* _WHAT IS REQUIRED_
Extract precisely the lines that run from the line containing "[Primeira indígena a" to the end of the records below, with both ends included and pictures omitted.

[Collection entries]
======
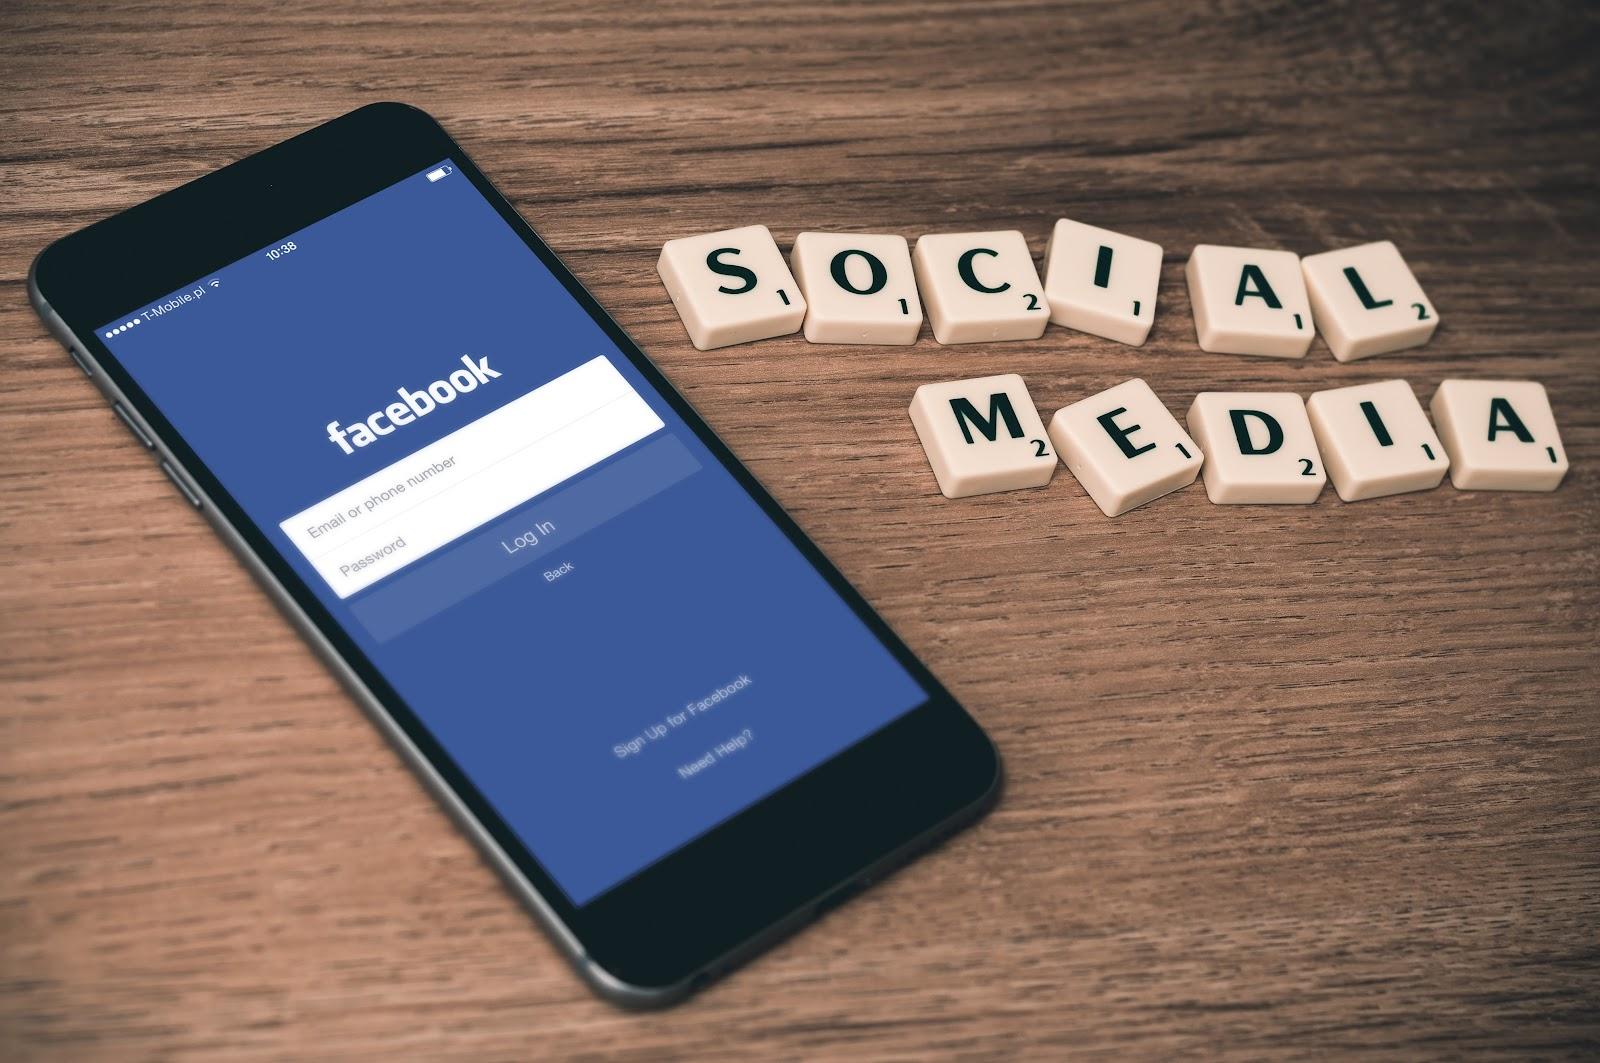 網路賺錢方法#6:經營社群媒體
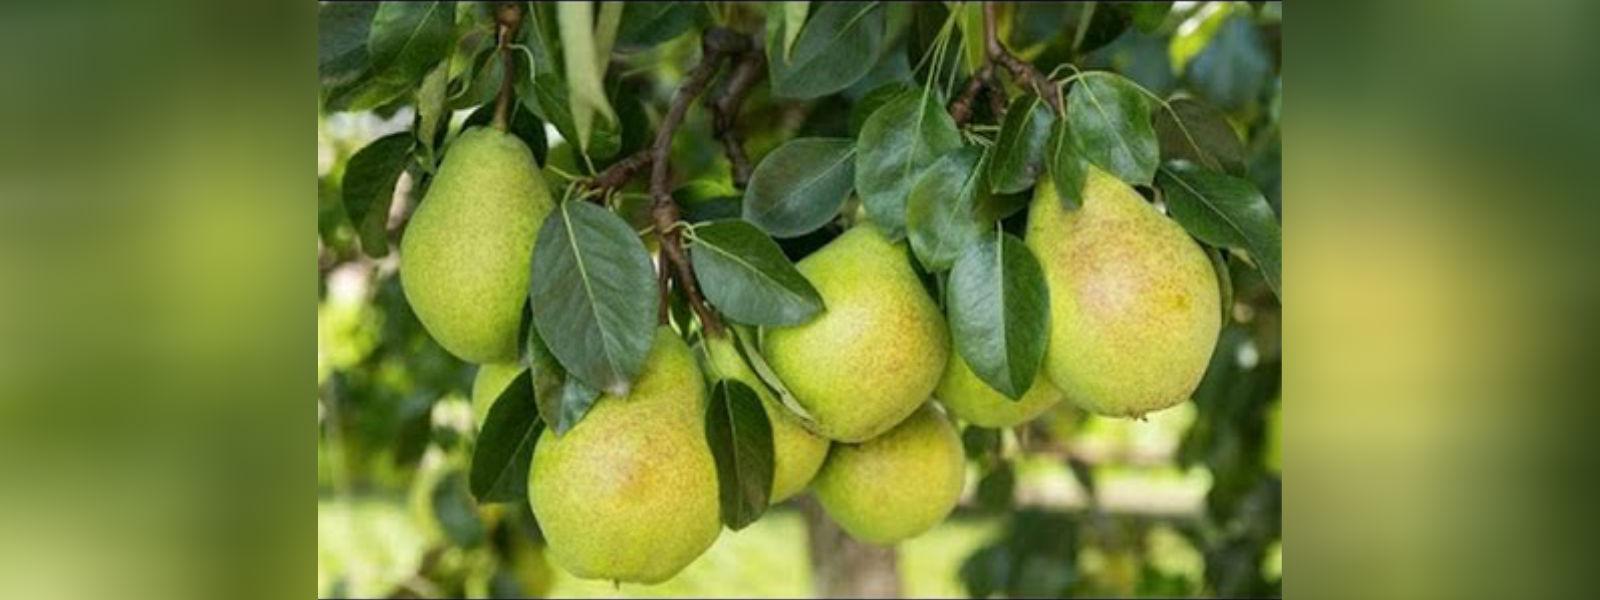 நுவரெலியாவில் Pears செய்கையை விஸ்தரிக்க நடவடிக்கை
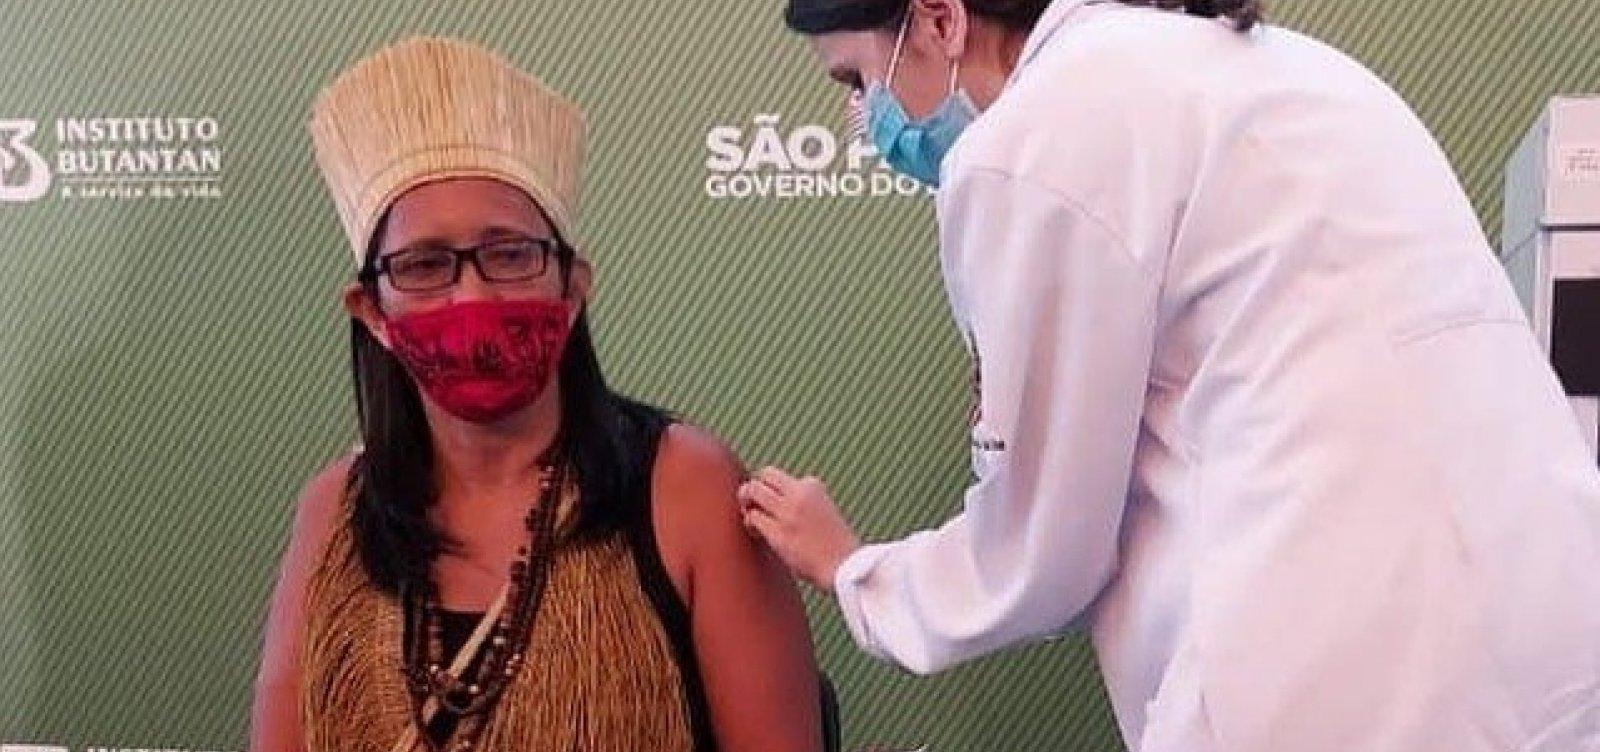 [Primeira indígena a ser vacinada no Brasil recebe dose da CoronaVac em São Paulo]
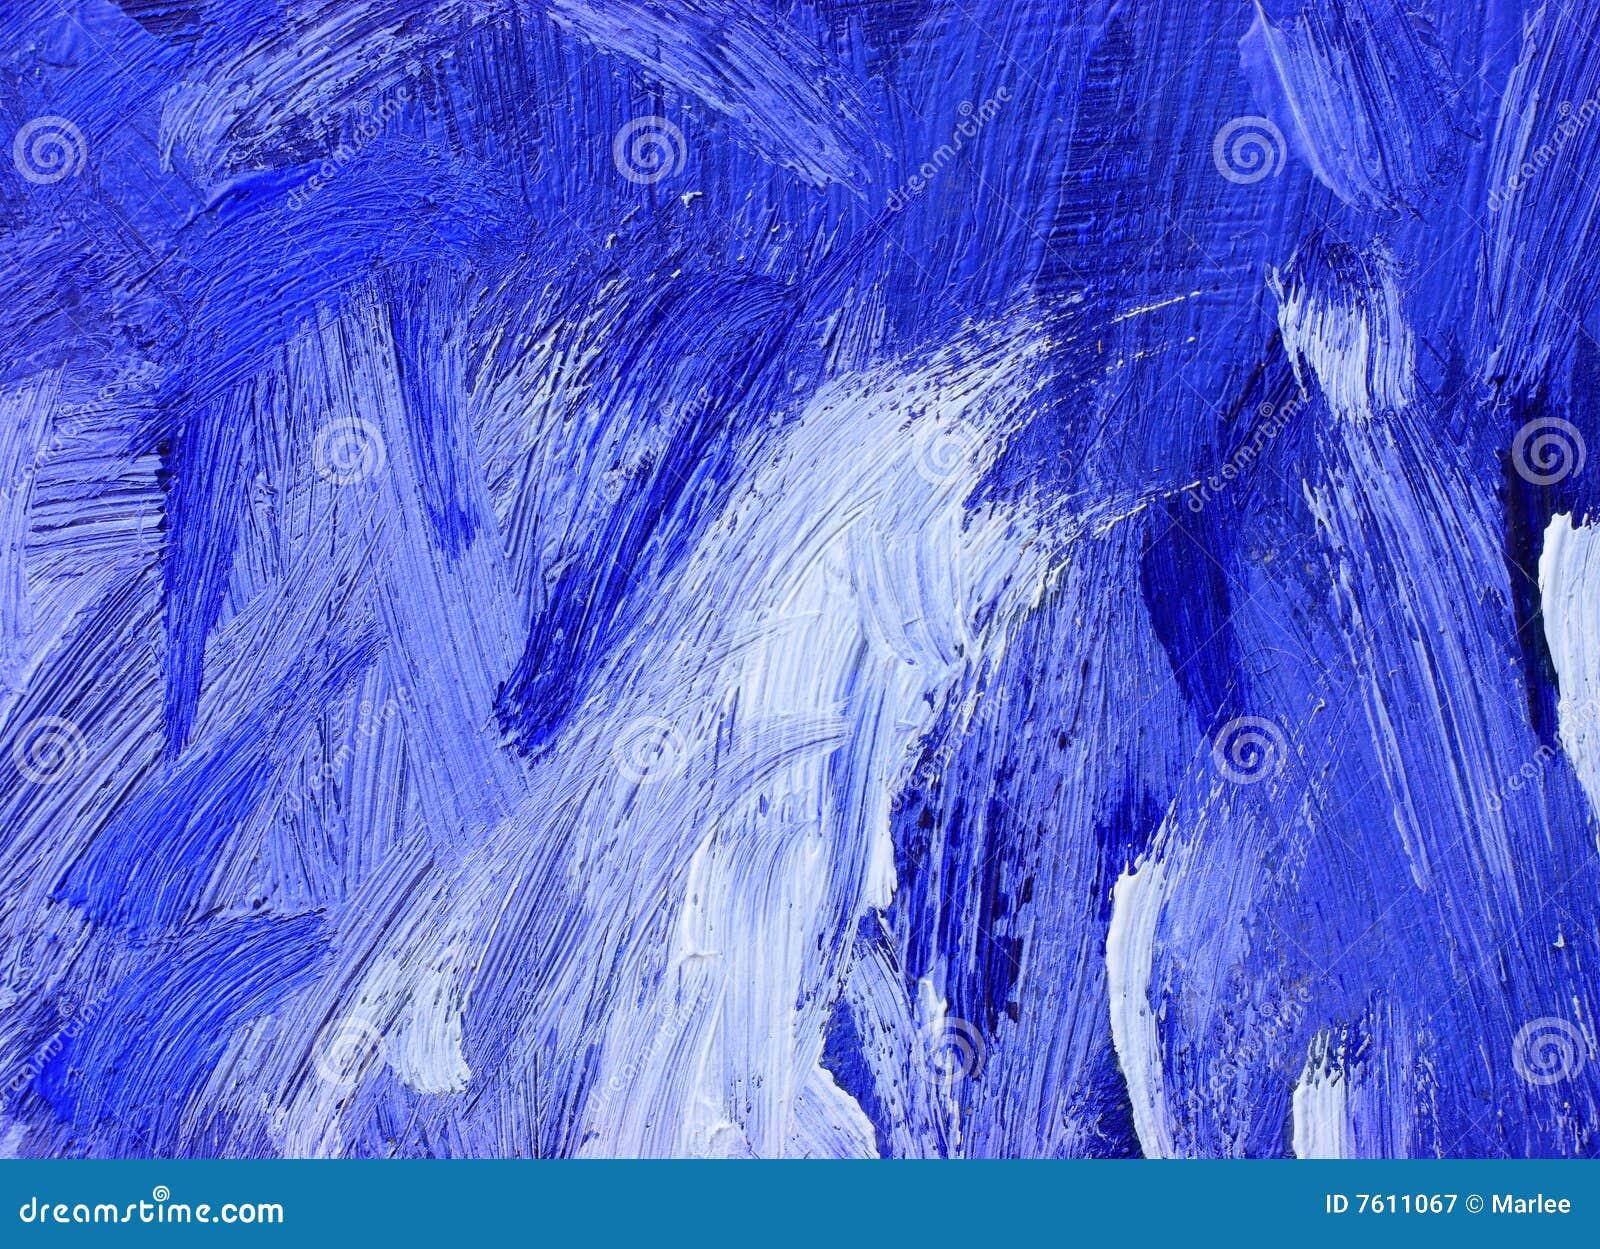 抽象背景油画
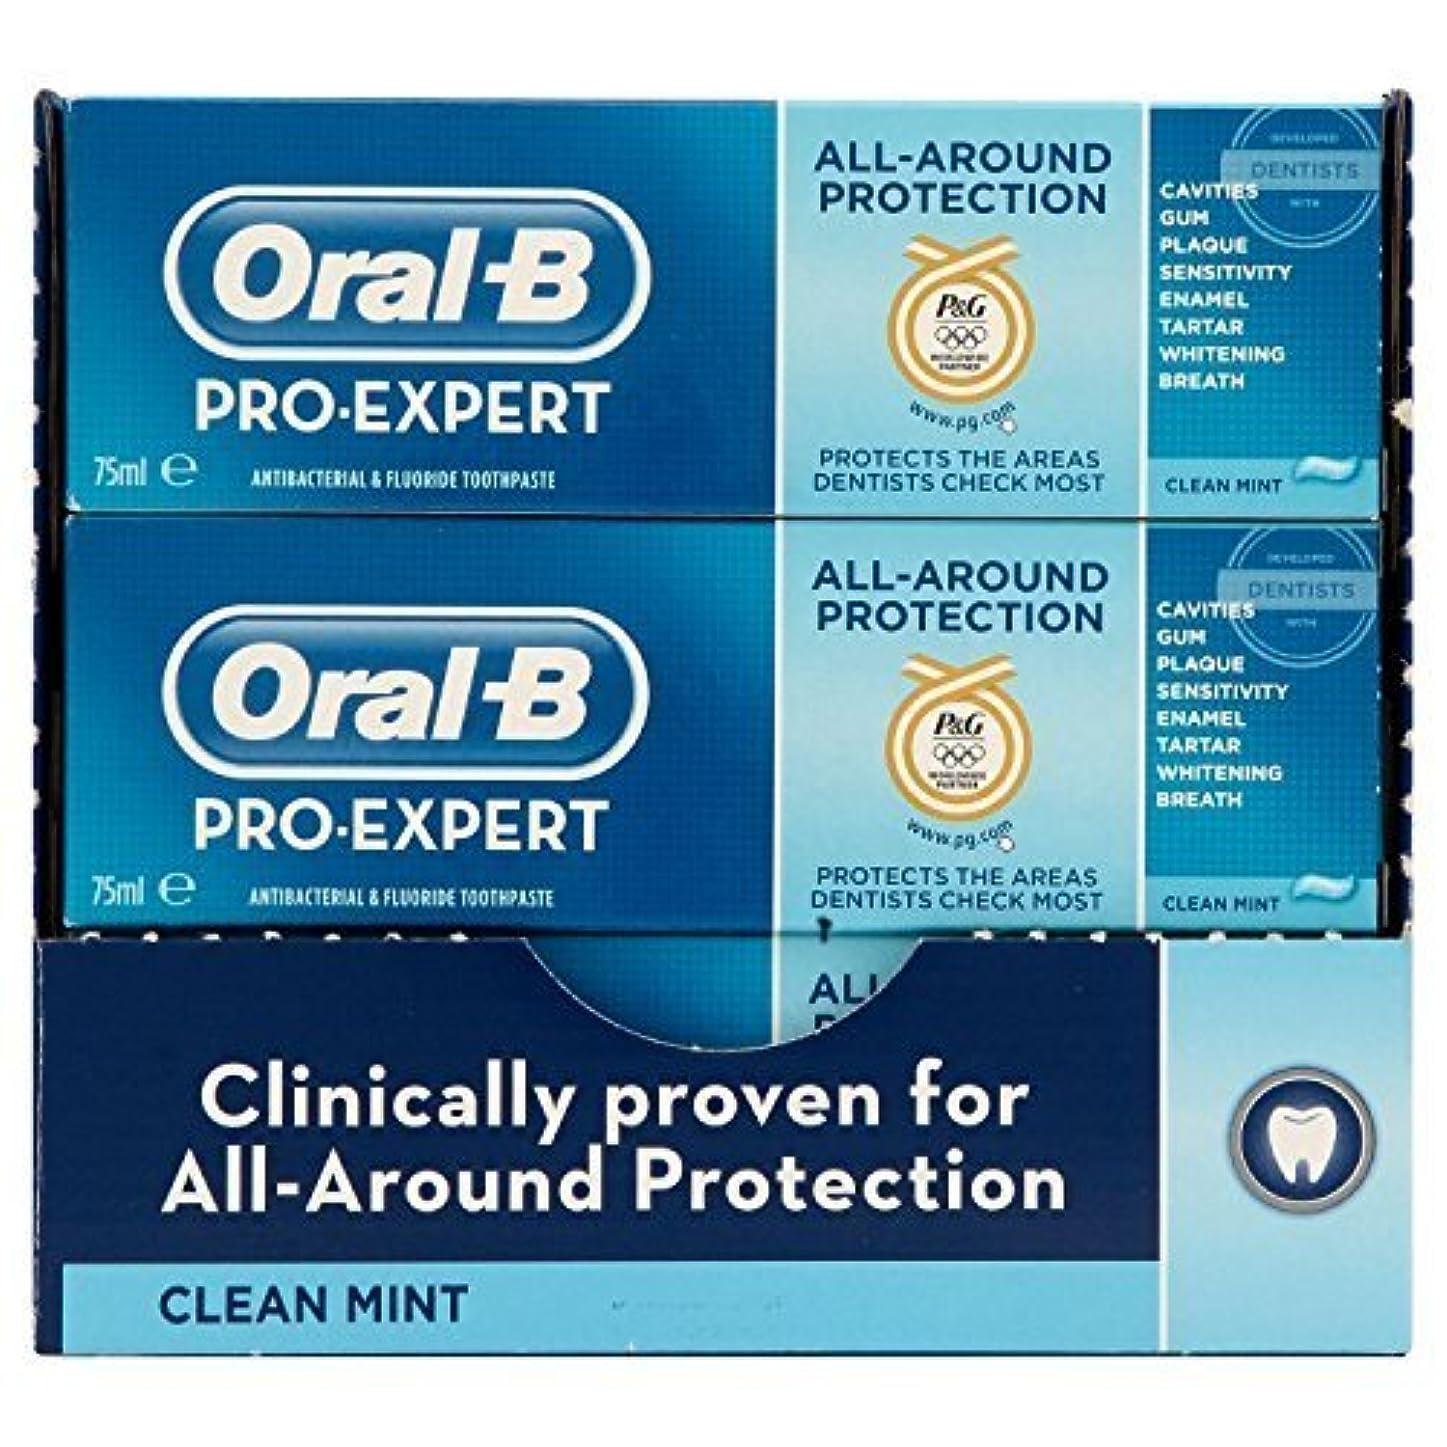 収入権限技術Oral-B Pro-Expert All-Around Protection Clean Mint Toothpaste 75 ml (Pack of 8) by PG
======
* _WRITTEN ANSWER_
 [Primeira indígena a ser vacinada no Brasil recebe dose da CoronaVac em São Paulo]
 抽象背景油画
 収入権限技術Oral-B Pro-Expert All-Around Protection Clean Mint Toothpaste 75 ml (Pack of 8) by PG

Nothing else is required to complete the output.